PostPosted: Wed Jul 27, 2011 3:56 am    Post subject: maybe disk suspend bug Reply with quote

I had a problem similar to yours: Chromium randomly(not exactly) falling into D state and a reboot needed to resolve it.
At first I suspected the notorious Flash plugin though no good.
"Maybe Chromium is buggy?" So I tried "emerge -uDN world", reemerging Chromium and emerging Firefox.
I left for work and back I found gcc was frozen just blinking cursor on the console.
At some point during the compile time gcc got into D state!
"Oh, this must be a disk related problem!" I converted the file system ext3 to ext4 and performed fsck also no good.
But then again I realized the problem has some pattern: it only occurs after certain amount of time.

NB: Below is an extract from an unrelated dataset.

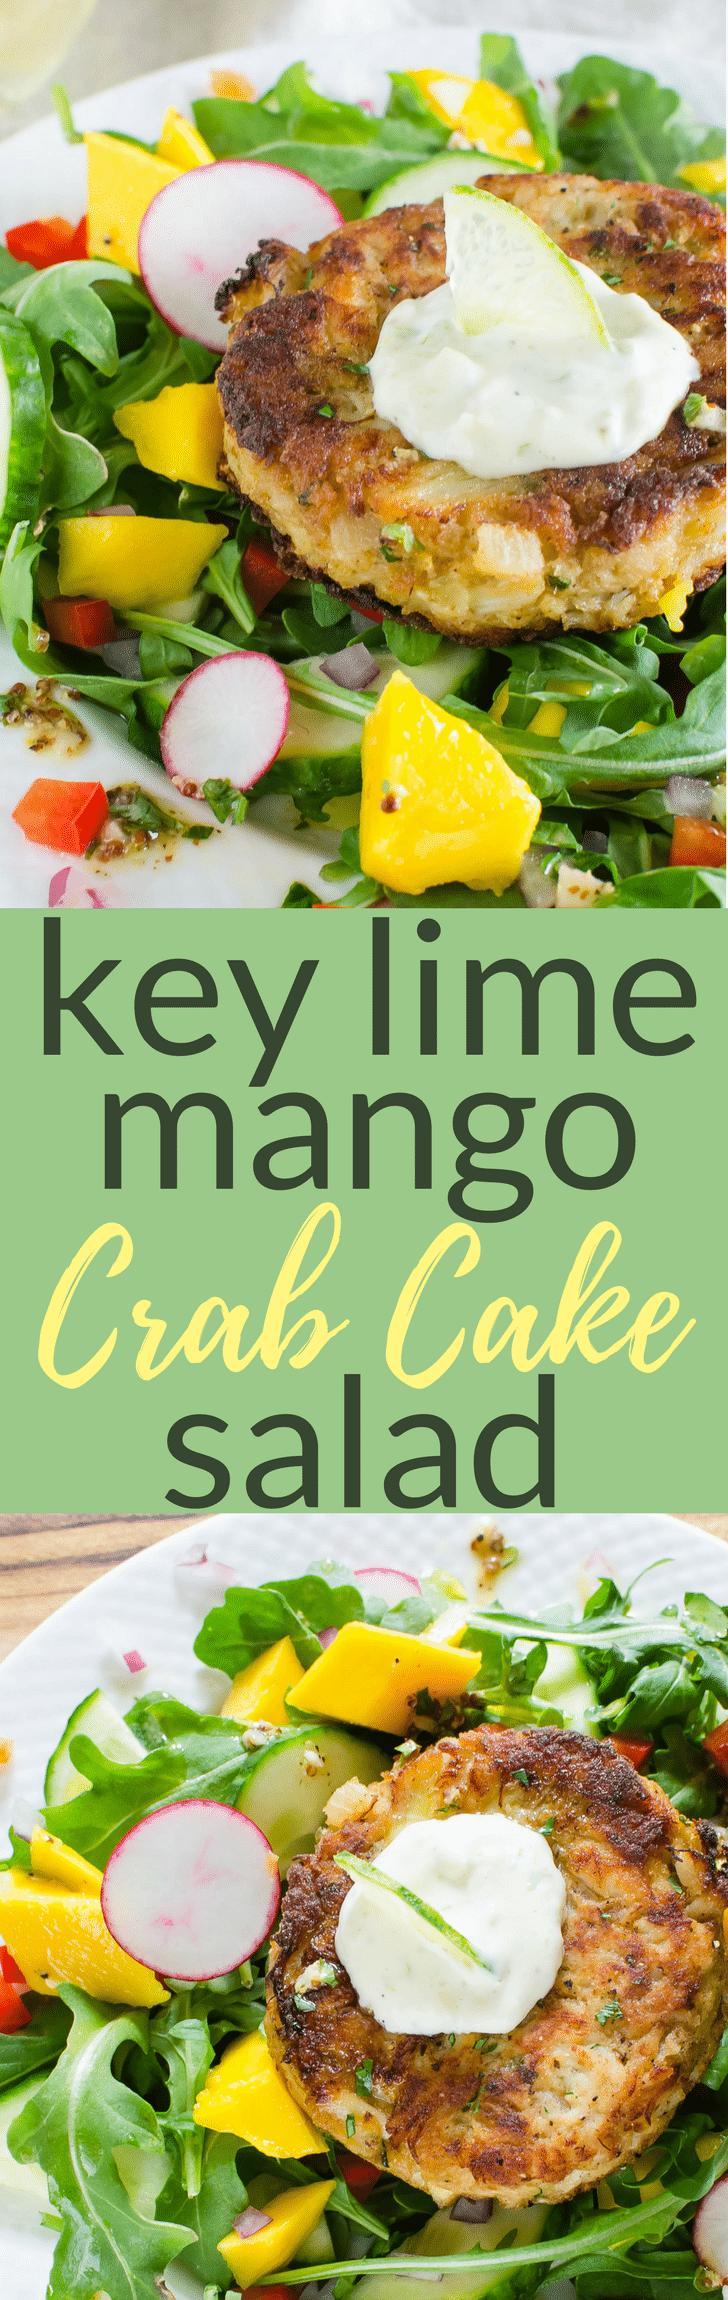 Want the BEST crab cake salad recipe?  Key Lime Mango Crab Cake Salad w/ tropical key lime dressing, chunks of mango and crunchy veg. Like an island vacation! #crab #crabcake #crabcakesalad #salad #tropicalsalad #mangoes #keylime #keylimedressing #easysaladrecipe #seafoodsaladrecipe #keylime #citrusdressing #homemadecrabcakes #bestcrabcakesalad #lowcarbsalad

So I turned off(rc-config delete hdparm boot) the hdparm service which had this spin-down switch, namely "-S96".
And the problem has "almost" gone. I now seldom see the D state Chromium.
hdparm was causing disk spin-down without any regard to disk activity!

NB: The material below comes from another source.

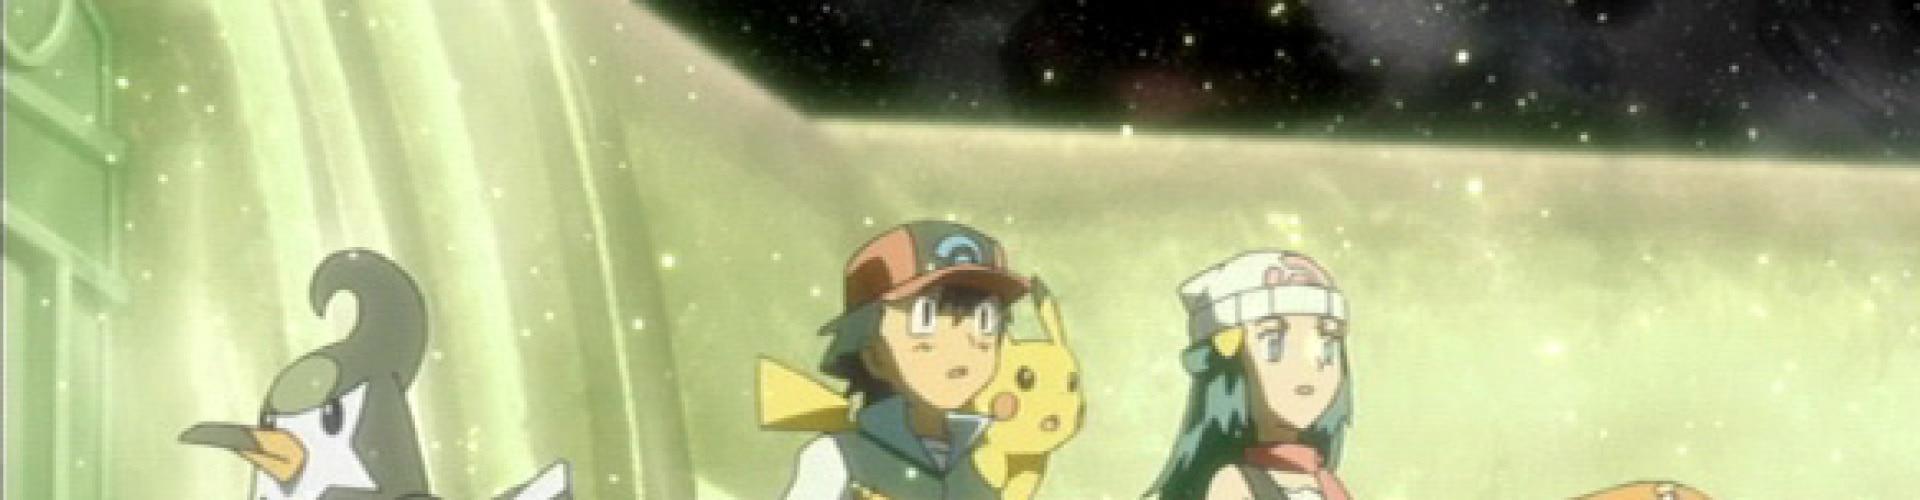 Watch Pokemon: The Rise Of Darkrai Online

But yesterday I got this kernel process [khugepaged] stuck into D state.
And again almost every new processes including Chromium, Firefox, XeTeX and etc. got into D state.

I suspect this be a kernel bug with power saving disk.
Maybe the kernel changed handling of suspending disk.
Or maybe the kernel loses disk activity state.
Just I am imagining things with my short knowledge.
And also this could be the mistake I used hdparm on /dev/sda disk not sdparm,
which later l found recommended with SATA I'm using.

But I still have the problem after some time(about several hours, AFK or not sure) even though hdparm/sdparm is off/not installed.

I hope you find any help.
Cheers.

UPDATE: the khugepaged mentioned above is a kernel process related to the memory compaction feature
and turning it off in kernel configuration really helps this time.
Experienced no more D processes ever since the kernel with that feature off has been up on my system.
Googling "khugepaged" shows the memory compaction bug which seems to have been fixed, but maybe it's not enough yet.